There are a varied number of ways that a healthcare provider will use to determine how good your child’s hearing is. These tests largely depend on the age of the child. At a particular age though, the participation of the child in understanding the procedure at hand will guide the pediatrician in choosing the behavioral test that he/she will use. Medicinal tests as well can be used to check on various ear parts that have anomalies. These in effect help the doctor prescribe the correct correctional procedure.
Hearing screening for newborns
For every newborn in the United States, a hearing screening is done prior to leaving the hospital. If the newborn does not pass in the screening test, further diagnostics are carried out to determine the cause and degree of damage on the baby’s ear(s). Some of the tests done include:
- Auditory brainstem response – The hearing test here measures the kind of response the child’s hearing nerve has to some sounds played on an earphone. The response is seen on the baby’s skin and the sticker electrodes placed strategically on the skin pick this response. The procedure is painless and usually done when the baby is asleep.
- Otoacoustic emissions – This test also involves placing special earphones in the baby’s ear. A healthy inner ear quickly responds to the sounds played through optoacoustic emissions. They are recorded through a tiny microphone in the earphone and examined. It is also harmless.

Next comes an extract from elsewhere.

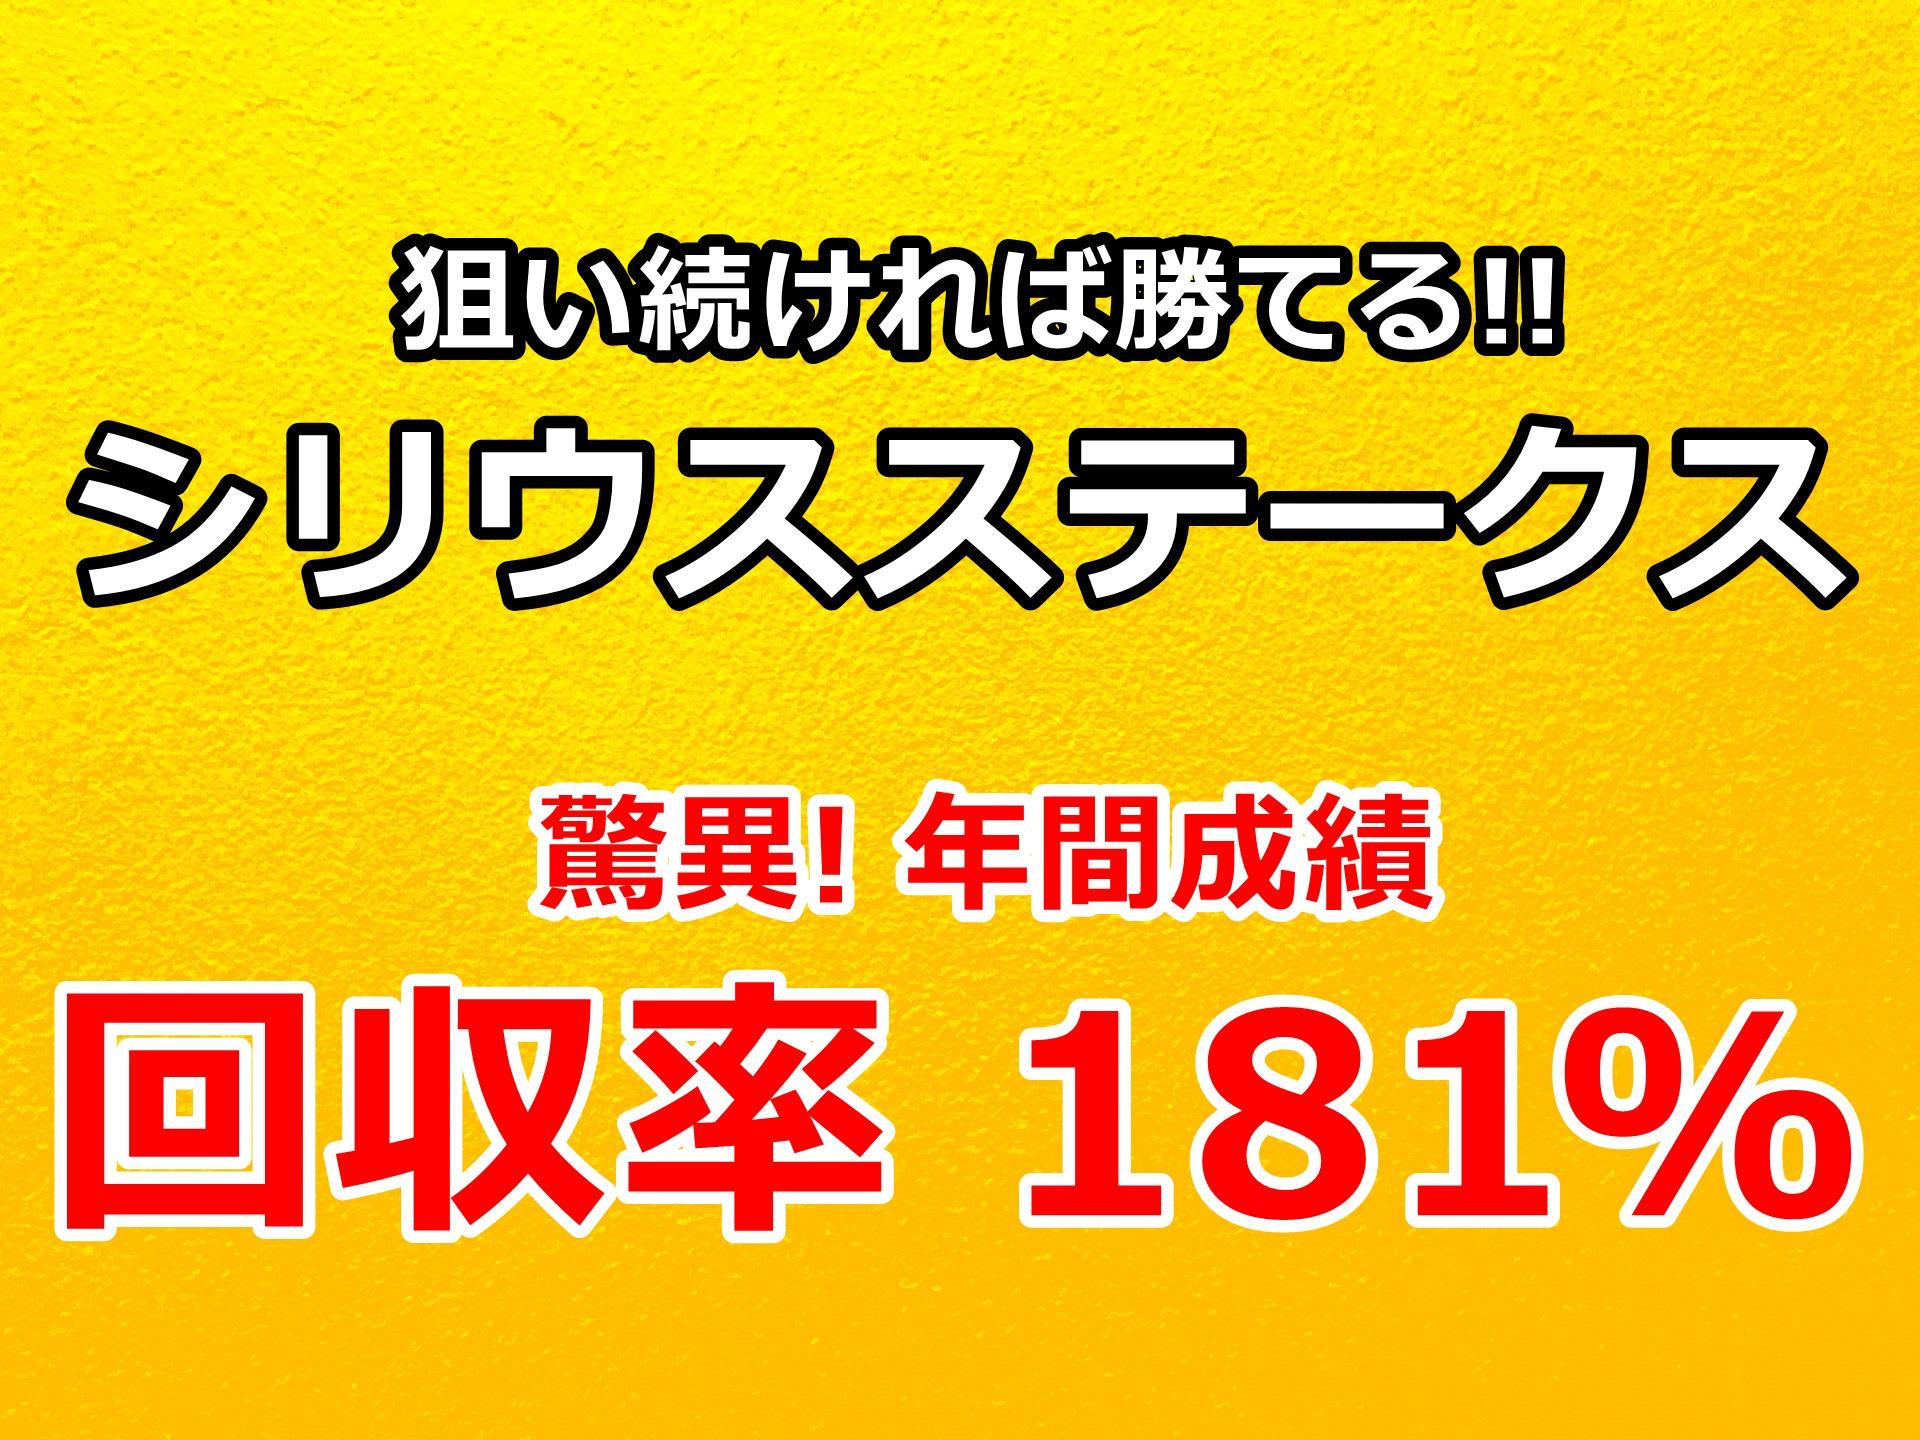 シリウスステークス2020 予想 【驚異! 年間回収率 181%】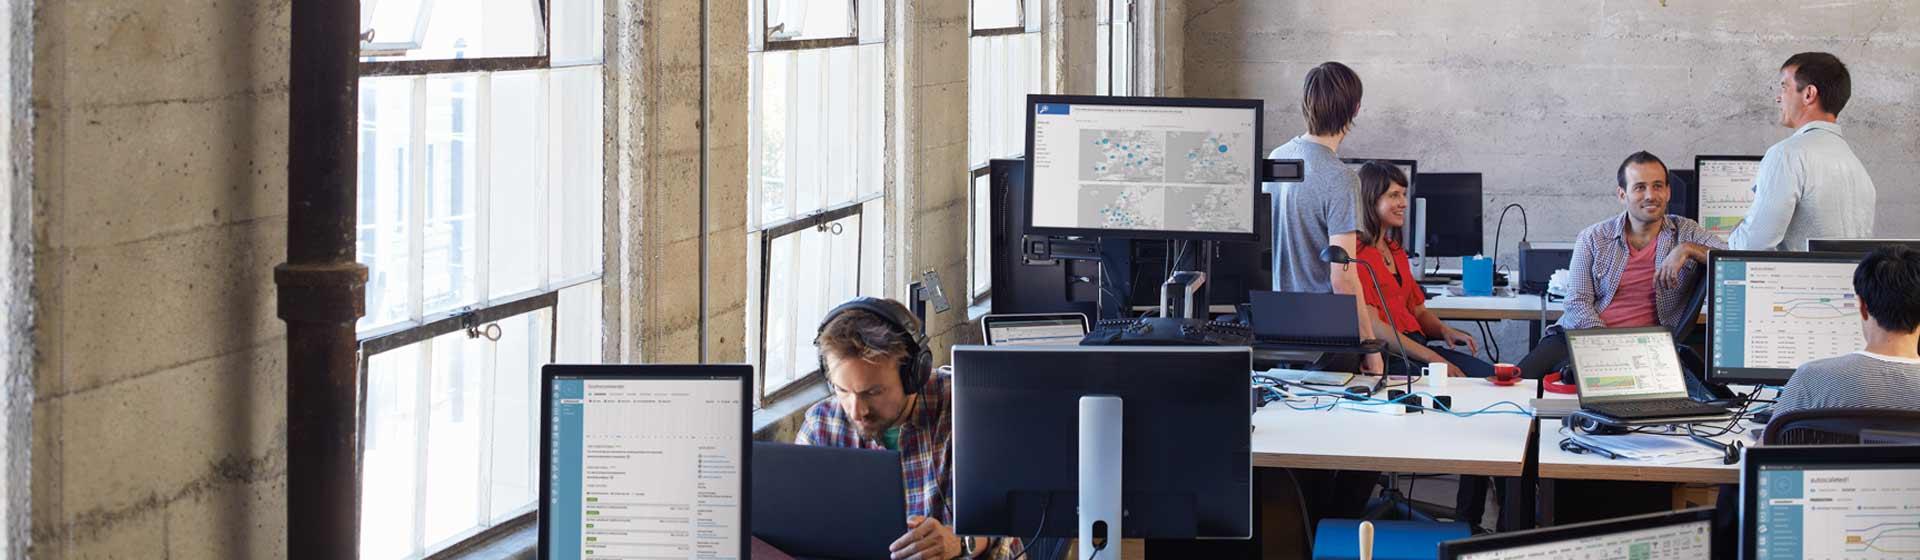 Munkatársak egy csoportja, íróasztalaik körül ülnek és állnak egy irodában, amely tele van az Office 365-öt futtató számítógépekkel

- Tympanometry – This test does not measure the degree of hearing for the child, but detects any changes in pressure in a child’s middle ear. It will also detect any fluids around the eardrum or a hole in the eardrum all of whcich can affect a child’s hearing.
Screening for infants and toddlers
Apart from the above tests, a toddler can also be introduced to visual reinforcement audiometry. In the screening, the child will be required to respond by looking at a small footage or a toy, after being exposed to a certain sound. Once a child is able to sit independently, he/she can undergo this test. It is recommended for children aged 6 months to 30 months.
Screening for preschoolers
Apart from the tests listed above, you can as well administer conditioned play audiometry screening for a child at this age. Here, the child is compelled to respond to sounds though playing simple games, which may include building a tower or throwing a ball. At this level, the child’s cooperation is required. Any child between 2 and a half and 4 years can undergo this kind of screening.
Screening for the school-going kids
The hearing test done for a school-going child has some similarities with the test done on adults. It is called conventional audiometry. However, the tests mentioned above can as well be done on a school going child, depending on his/her response to the procedures. Just like the above tests, the person is asked to respond to a command given through earphones he is wearing (e.g. raise your hand if you hear a beep).children who are 4 years and above can be taken through this test.